Let X be a topological space and $F:X \rightarrow \overline{\mathbb{R}}$. The lower semi continuous envelope of $F$ is defined by $sc^-F(u)=\sup\{\phi(u)\;|\; \phi :X \rightarrow \overline{\mathbb{R}} \; \mathrm{is \; l.s.c. \; and} \; \phi \leq F\}$. Show that $sc^-F$ is lower semi continuous.
Here is my proof, but it seems a bit too easy, so it would be great if somebody could check if it is correct.
Let $u_k \rightarrow u$ in $X$. The set $M:=\{\phi(u)\;|\; \phi :X \rightarrow \overline{\mathbb{R}} \; \mathrm{is \; l.s.c. \; and} \; \phi \leq F\}$ is a family of l.s.c. functions, because every $\phi \in M$ is l.s.c. Then for every $\phi \in M$ we obtain: $\phi(u) \leq \liminf \; \phi(u_k) \\ \leq \liminf \; \sup \{\phi(u_k)\;|\; \phi :X \rightarrow \overline{\mathbb{R}} \; \mathrm{is \; l.s.c. \; and} \; \phi \leq F\} = \liminf \; sc^-F(u_k).$
Because this is true for every $\phi \in M$ it is also true for the supremum of all $\phi$ in $M$ (at this point I'm not really sure if it is correct) an we get
$\sup\{\phi(u)\;|\; \phi :X \rightarrow \overline{\mathbb{R}} \; \mathrm{is \; l.s.c. \; and} \; \phi \leq F\} = sc^-F(u) \leq \liminf \; sc^-F(u_k)$.

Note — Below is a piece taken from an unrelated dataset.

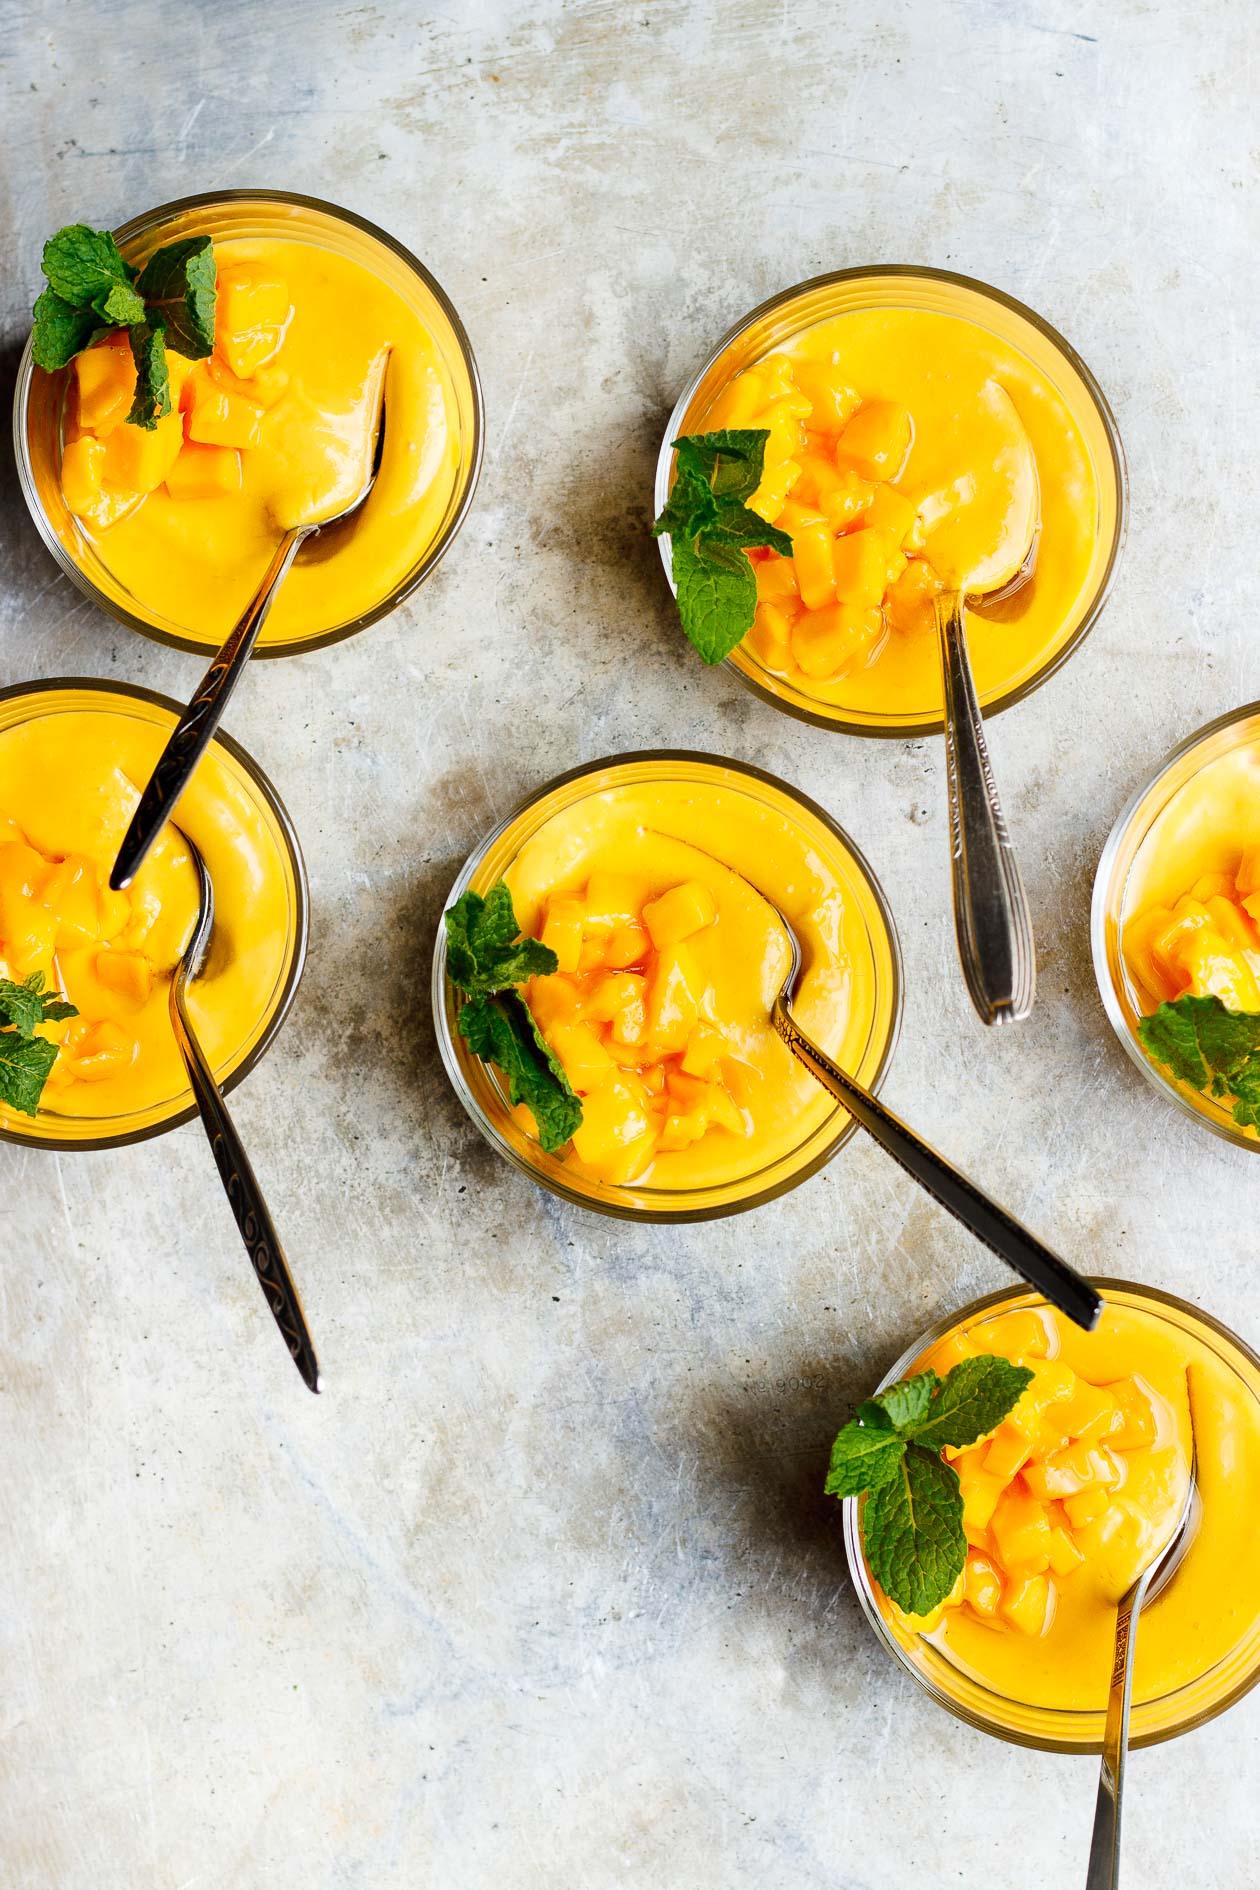 MANGO PUDDING WITH MINT SIMPLE SYRUP

So the envelope of $F$ is l.s.c.
It is correct but the notation can be improved:
Here I strongly suggest to choose different variables for $\phi$ inside the set (or outside). For example:
$ \liminf \phi(u_k) \leq \liminf \; \sup \{\psi(u_k)\;|\; \psi :X \rightarrow \overline{\mathbb{R}} \; \mathrm{is \; l.s.c. \; and} \; \psi \leq F\} = \liminf \; sc^-F(u_k).$